North Arrow Closes Non-Brokered C$5M Private Placement Financing
18 May 2017
North Arrow Minerals Inc. (TSXV-NAR) (the "Company") is pleased to announce it has closed the non-brokered private placement announced on May 2, 2017. The Company has issued 20,000,000 units at a price of C$0.25 per unit (the "Units") for aggregate proceeds of C$5,000,000. Each Unit issued under the private placement consisted of one common share in the capital of the Company and one common share purchase warrant (a "Warrant"). Each Warrant entitles the holder thereof to purchase one additional common share of the Company at a price of C$0.40 for a period of three years up to May 18, 2020.
As part of the private placement, Electrum Strategic Opportunities Fund L.P. and Ross Beaty (collectively, the "Purchasers") have each made an investment of $2,000,000, together $4,000,000, towards the private placement. Each of the Purchasers will own 19.01% of North Arrow's outstanding shares on a partially diluted basis assuming the exercise of all Warrants acquired by such Purchaser.
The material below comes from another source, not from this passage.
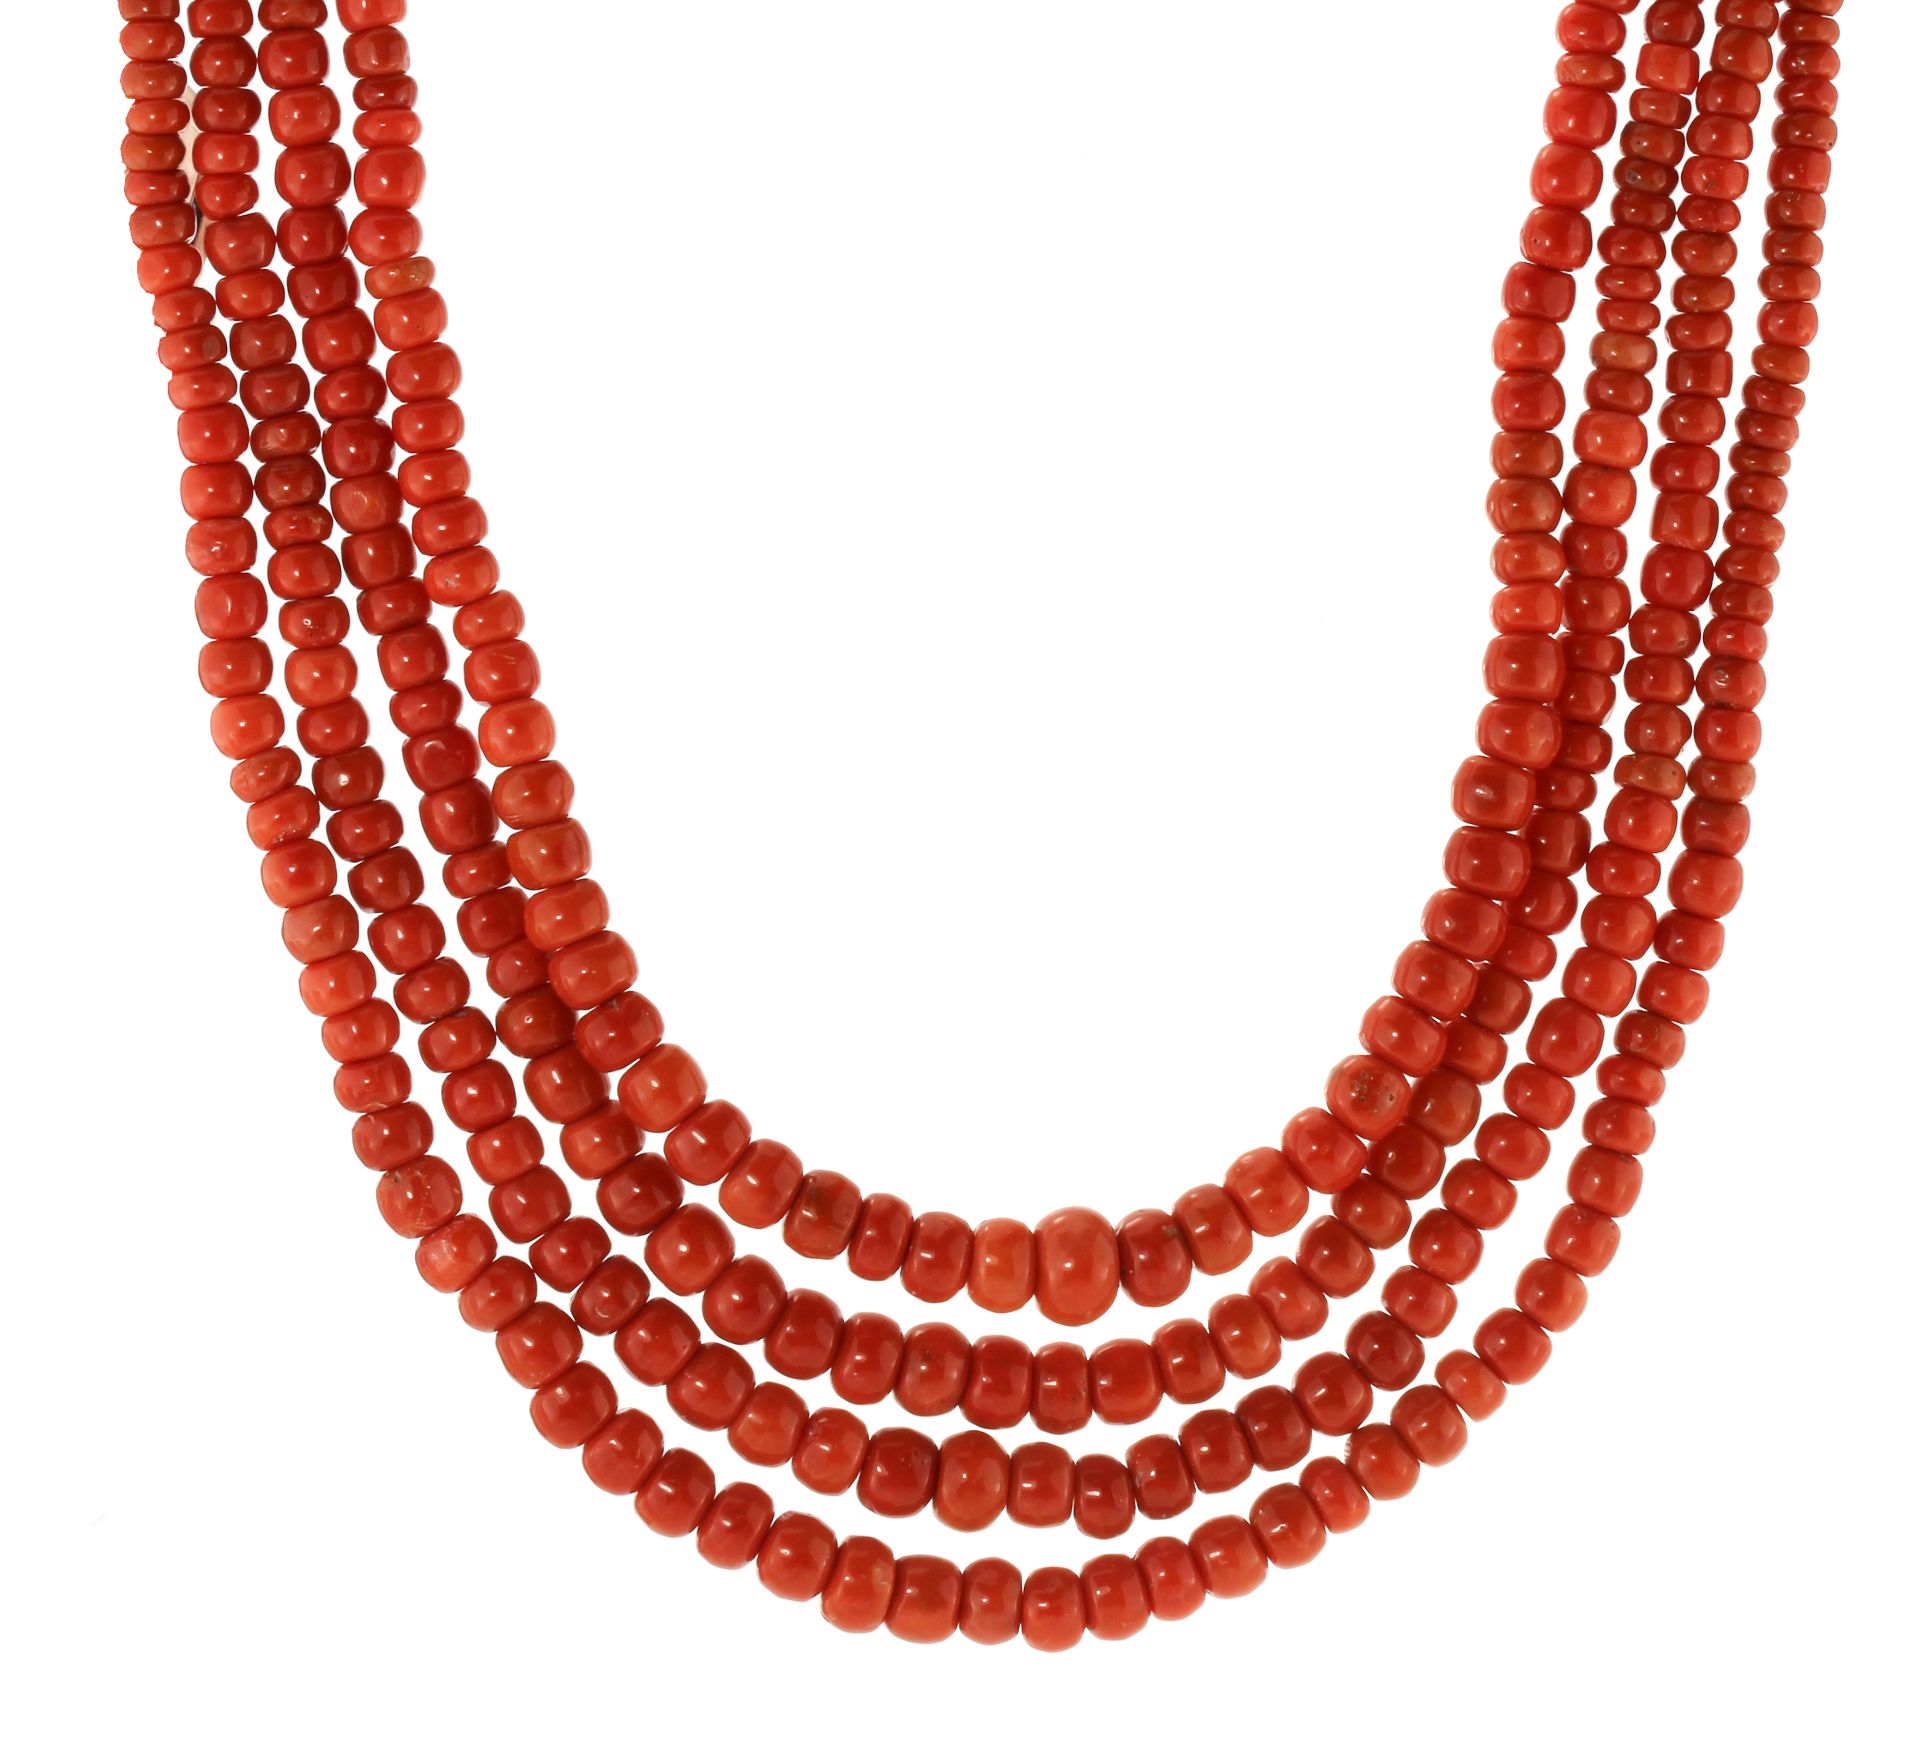 A FOUR STRAND CORAL BEAD NECKLACE comprising four rows of five hundred and ninety seven graduated

The net proceeds of the private placement will be used for general working capital and to fund the continued evaluation of North Arrow's Canadian diamond exploration properties, including exploration programs at the Naujaat and Mel Diamond Projects, Nunavut, which are expected to commence in June. Insiders of the Company participated in the private placement on the same terms and conditions as arm's length subscribers. All securities issued in the private placement are subject to a hold period expiring on September 19, 2017.